Brazil has elected conservative Congressman Jair Bolsonaro as their new president, and evangelical Christians played a major role in his victory.
His election reflected widespread anger at the political class after years of corruption, a struggling economy, and a surge of violence in the largest country in South America. South American media called him the “Brazilian Trump” for eerie similarities between the two campaigns and outsider status.
Bolsonaro ran on promises to clean up Brazil and bring back traditional values. He told his supporters that, “it’s a promise to God.”
According to The Associated Press, evangelical voters played a big part in his election.
Bolsonaro was backed by no major political party and had little advertising time purchased on television and radio. However, with evangelical support, he did have grassroots organizing. According to Reuters, his evangelical volunteers would distribute flyers and other campaign material and talk up the candidate to their friends and neighbors.
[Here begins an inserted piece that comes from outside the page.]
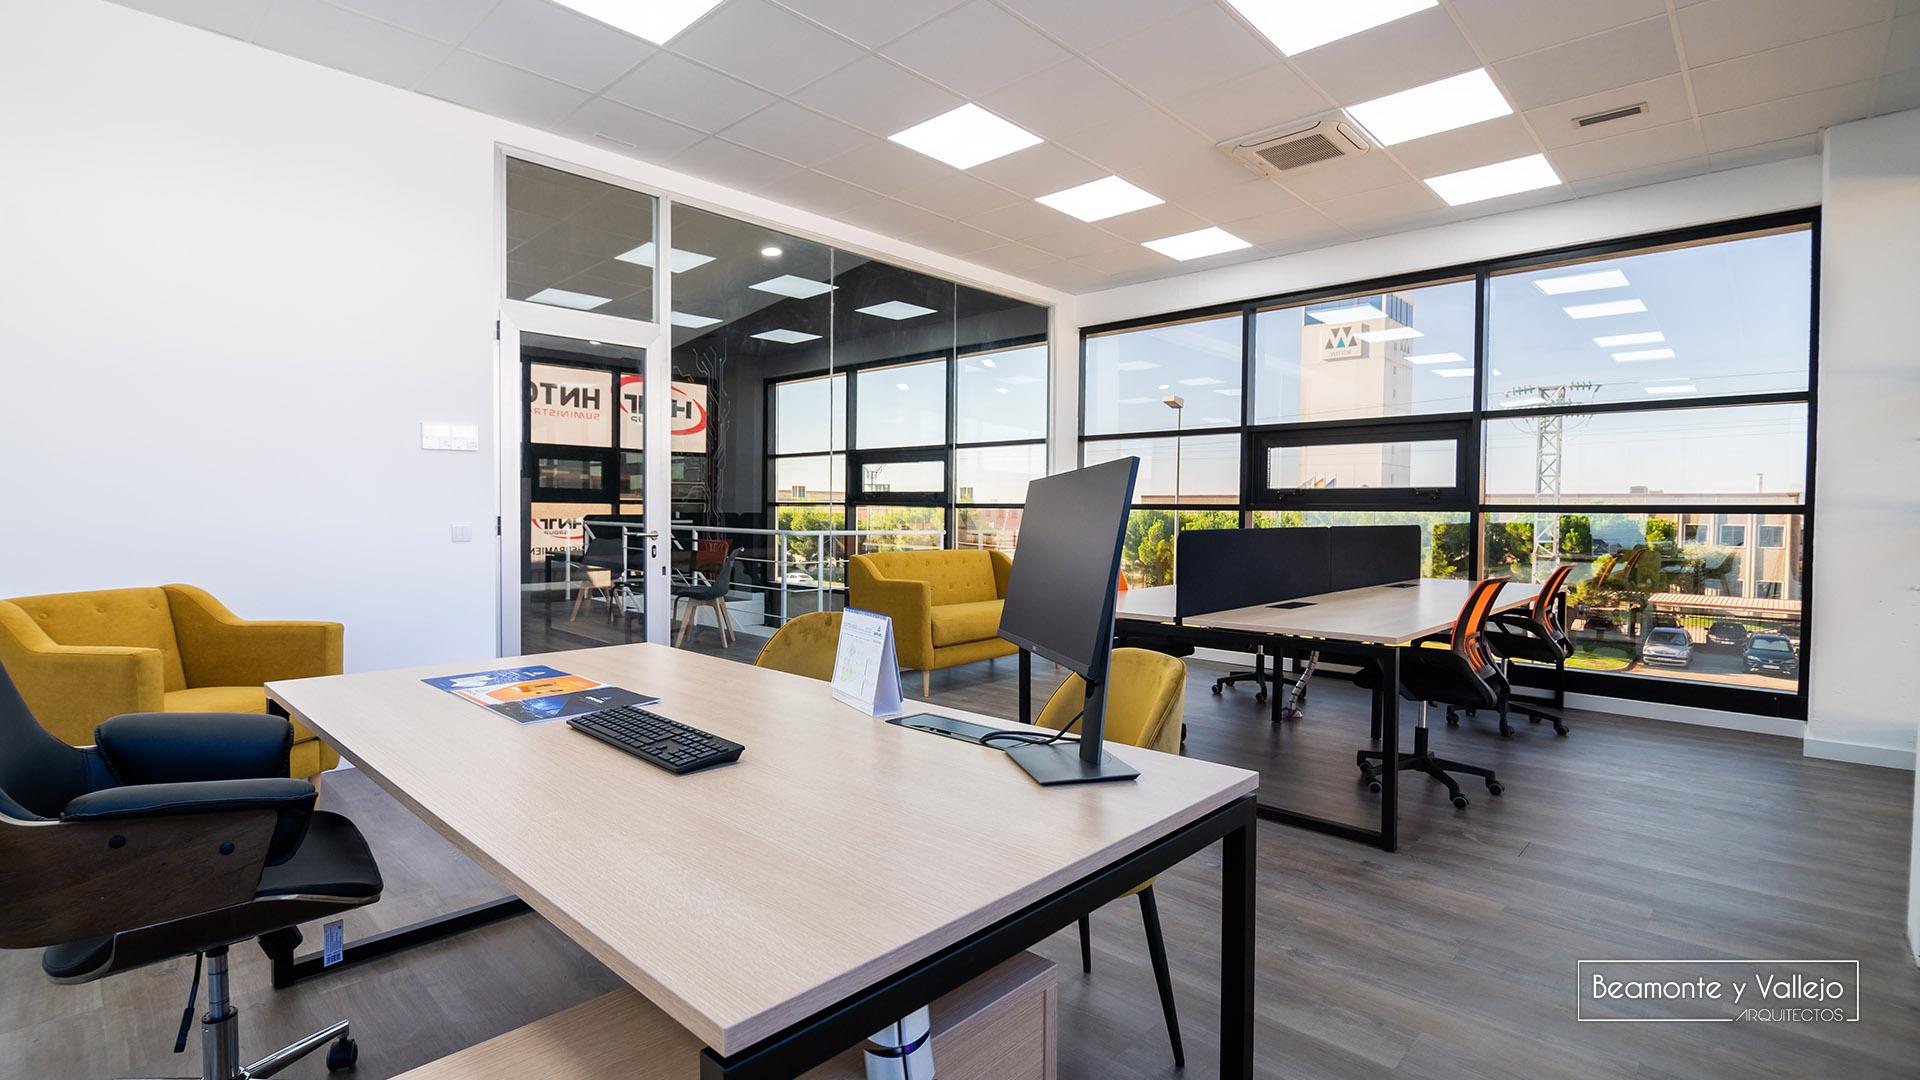 Beamonte y Vallejo arquitectos - Oficinas Arkel - 3

Even though Brazil is home to the world’s largest number of Catholics – 123 million – evangelicals are now growing in numbers too. They now total 42 million and makeup 20 percent of the country’s total population.
“The evangelical vote is very organic in that pastors and bishops have a relationship with followers that influences how they vote,” Antonio Lavareda, who has written several books on Brazilian politics, told the AP. “It’s the opposite in the Catholic Church, where, despite having more congregants, priests have less direct influence.”
Evangelicals already have a large influence in national politics, according to the AP. The so-called “evangelical bloc” in Congress is made up of 87 representatives and three senators, about 15 percent of all federal lawmakers. Many evangelical leaders frequently run for office.
Evangelicals also use the media to spread the gospel message. Edir Macedo, the founder of the Universal Church of the Kingdom of God, owns Record TV, one of the largest broadcasters in Brazil. Many churches also buy a lot of airtime and as a result, a viewer can watch religious programs on Brazilian television at just about any time of day.
Pastor Silas Malafaia, an influential church leader with more than 50 churches, told the AP in a recent interview that he makes no apologies for trying to influence how his church members vote. He was an outspoken supporter of Bolsonaro for Brazil’s highest office.
“In Brazil, we need a macho like him,” Malafaia said, adding that Bolsonaro will “defend all the values and principals of the Christian family.”